3) Constructing variation test model
3.1 Define source mutation operators
Layer Removal (LR): and the LR operator randomly deletes one layer of the deep neural network under the condition that the input and output structures of the deleted layer are the same. The operation is carried out for 5 times, a layer of structure which is not repeated with the previous selection is randomly selected from untrained original model structures each time, and 5 variation test models are constructed after deletion
Layer Addition (LA): compared with the LR operator, the LA operator adds one layer to the deep neural network structure. The emphasis of LA is to add layers, whichThe method also comprises 5 times of randomly selecting a layer structure from untrained original model structures, wherein the layer structure is not repeated with the former layer structure, and adding a new network after the layer structure to construct 5 variation test models
Activation Function Removal (AFR): since deep neural networks have a high degree of representativeness, the activation function plays an important role in the nonlinearity of deep neural networks. The AFR operation randomly deletes all active functions of a layer to simulate the situation where a developer forgets to add an active layer.
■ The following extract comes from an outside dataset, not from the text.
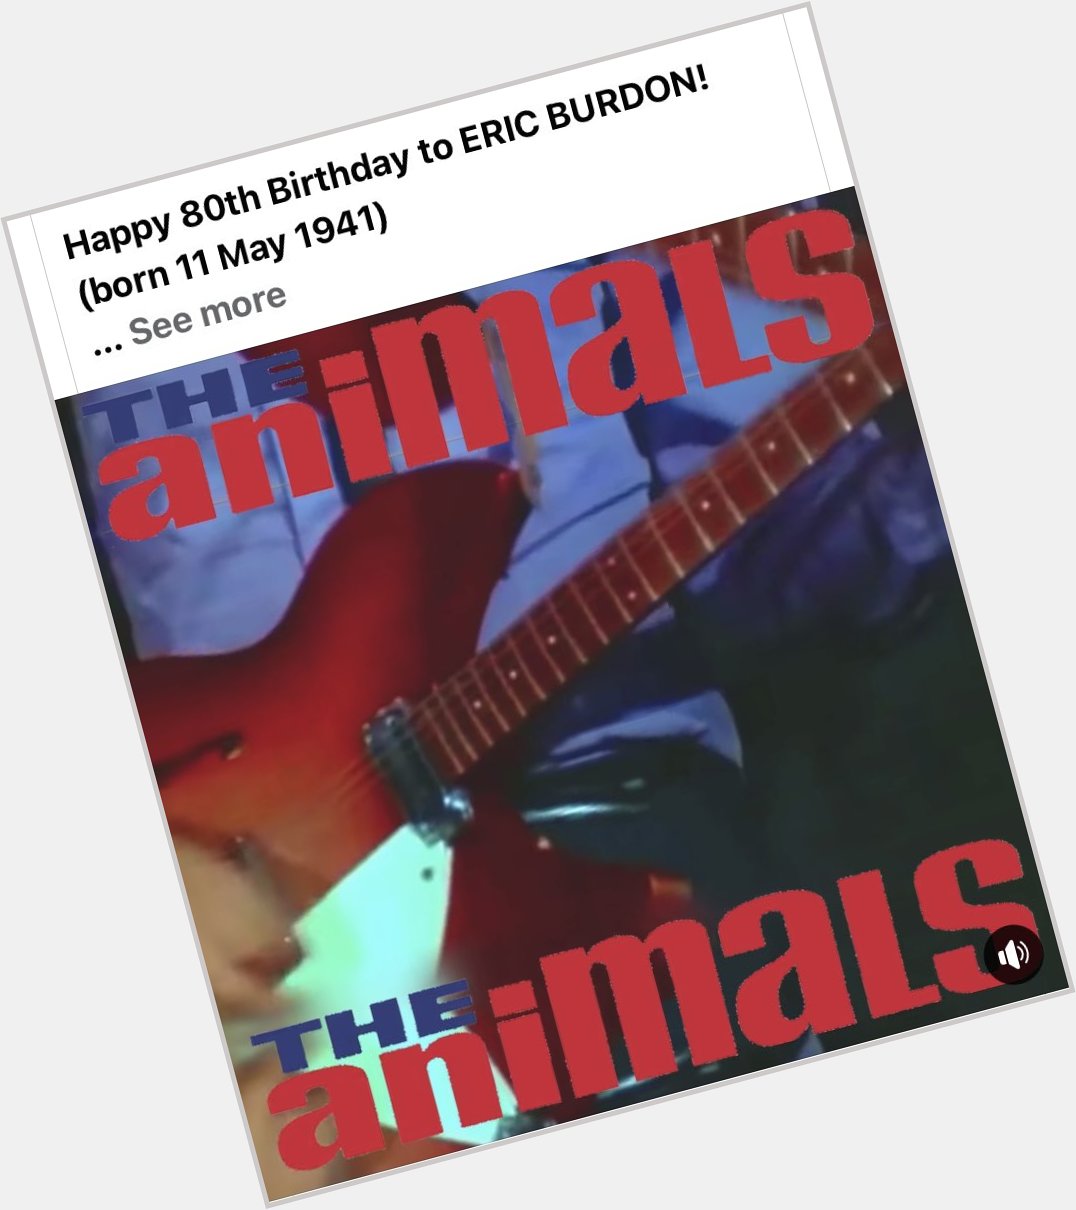 Happy birthday Eric Burdon

Here again, 5 operations are performed, each time randomly selecting a layer structure from the untrained original model structures, which is not repeated with the previous selection, and deleting all the activation functions of the layer to construct 5 variant test models
3.2 Define model-level mutation operators
Gaussian blur (GF): weights are the basic elements of a deep neural network, describing the importance of connections between neurons. The weight is also an important component of the deep neural network decision logic. One natural way to change the weight is to blur its value to change the importance of the connection it represents. The GF operator follows a Gaussian distribution N (w, sigma) 2 ) To change a given weight w, where σ is a user-configurable standard deviation parameter. GF operator mostly blurs the weights to a range of values around them (typically the blurry values lie in [ w-3 σ, w +3 σ ]]Probability distribution) of the original model, performing 5 operations, selecting sigma with different sizes each time, performing fuzzy operation on the trained original model to construct 5 variation test models
Weight transformation (WS): the output of the neurons is usually determined by the preceding layer of neurons, each layer of neurons being connected to weights. The WS operator randomly selects the neuron and replaces the weight value connected with the neuron to the frontIn one layer, the randomly selected neurons may be left unchanged or may become the weights of the replaced neurons of the previous layer. Performing 5 operations, randomly selecting one layer of the trained original model each time, replacing 10% of neurons in the original model with the previous layer to construct 5 variation test models
Neuronal Effect Block (NEB): when a test data point is read into the deep neural network, it is processed and propagated through the connection and neuron layers of different weights until a final result is produced. Each neuron contributes to some extent to the final decision of the deep neural network according to its connection strength. The NEB operator prevents neurons from affecting all connected neurons in the next layer by resetting their next layer's connection weight to zero. The operation is carried out for 5 times, one layer in the trained original model is randomly selected each time, all neurons are set to be zero, and 5 variation test models are constructed
Neuronal reverse activation (NAI): the activation function plays a key role in the formation of the nonlinear behavior of neuronal neural networks. Many widely used activation functions (e.g., reLU, etc.) exhibit different behavior depending on their activation state. The NAI operator attempts to reverse the activation state of the neuron, which can be accomplished by changing the sign of the neuron output value before applying the neuron's activation function. This helps to generate more patterns of variant neuron activation, each of which can exhibit new mathematical properties (e.g., linear properties) of the deep neural network. Performing 5 operations, randomly selecting one layer of the trained original model each time to make the weights of all neurons in the layer take negative values to realize the inverse activation of the neurons, and constructing 5 variation test models by the weights
Neuronal Switch (NS): neurons of one deep neural network layer are typically connected to neurons of the next layerThere are different effects. NS operation exchanges within one layer the effects and influence of several neurons on the next layer. The operation is carried out for 5 times, one layer in the trained original model is randomly selected each time, the weight of 20 percent of neurons is taken for random exchange, and 5 variation test models are constructed
3.3 ) training and saving models
And directly storing the trained mutation test model generated by using the model-level mutation operator, and training and storing the untrained mutation test model generated by using the source-level mutation operator by using the parameters in the step 2).
4) Variation detection
4.1 Define a detection index
For a K classification problem, Z = { x = 1 ,...,x K For all K classes of input data, x i One class of data (i =1,2 \8230; K) is shown. For a test data point T in the test set T ', T kills x in the variant test model m' if the following condition is satisfied i Class data (where M ' is equal to M ', M ' is a set of each variation test model, and this embodiment includes 8 variation test models, and each variation test model includes 5 variation test models):
I. t is correctly classified as x by the original model m i ;
II. t is incorrectly classified as x by the mutation test model m i 。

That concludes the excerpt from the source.